PROVIDED RECORDS ::
>>>>>

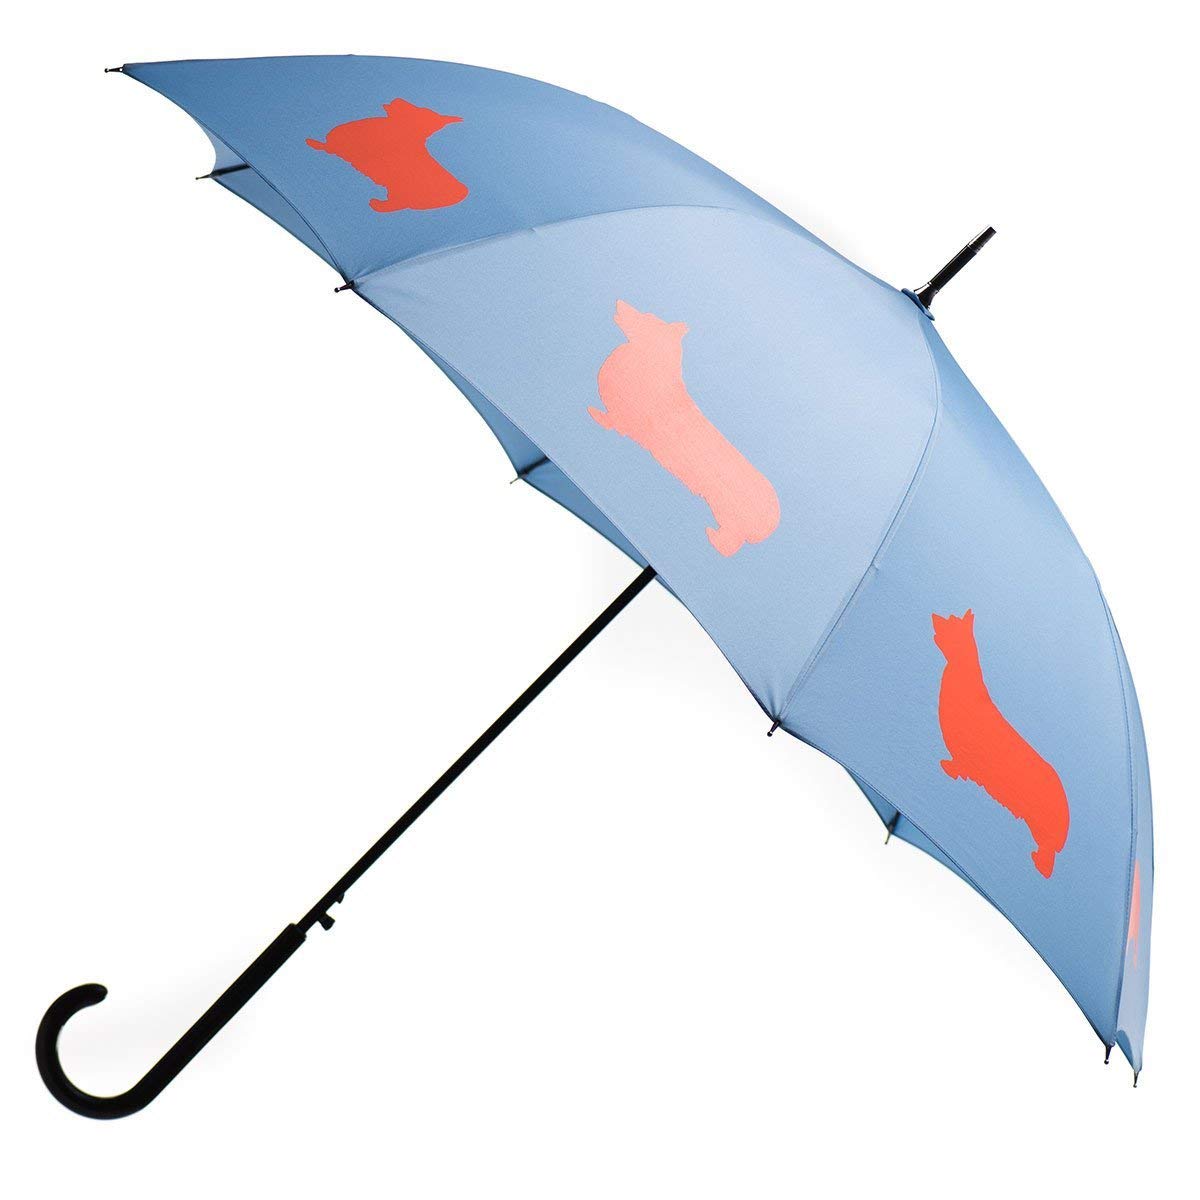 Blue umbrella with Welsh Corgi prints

<<<<<
>>>>>

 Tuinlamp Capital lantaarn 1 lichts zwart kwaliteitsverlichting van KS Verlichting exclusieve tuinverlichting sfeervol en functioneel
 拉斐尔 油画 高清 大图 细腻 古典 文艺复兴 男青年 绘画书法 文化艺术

<<<<<

WORK ORDER ::
Nothing but the lines above from the one containing "Tuinlamp Capital lantaarn" through the one containing "拉斐尔 油画 高清 大图 细腻 古典 文艺复兴 男青年 绘画书法 文化艺术" should appear in the answer, each repeated exactly.

TASK RESPONSE ::
 Tuinlamp Capital lantaarn 1 lichts zwart kwaliteitsverlichting van KS Verlichting exclusieve tuinverlichting sfeervol en functioneel
 拉斐尔 油画 高清 大图 细腻 古典 文艺复兴 男青年 绘画书法 文化艺术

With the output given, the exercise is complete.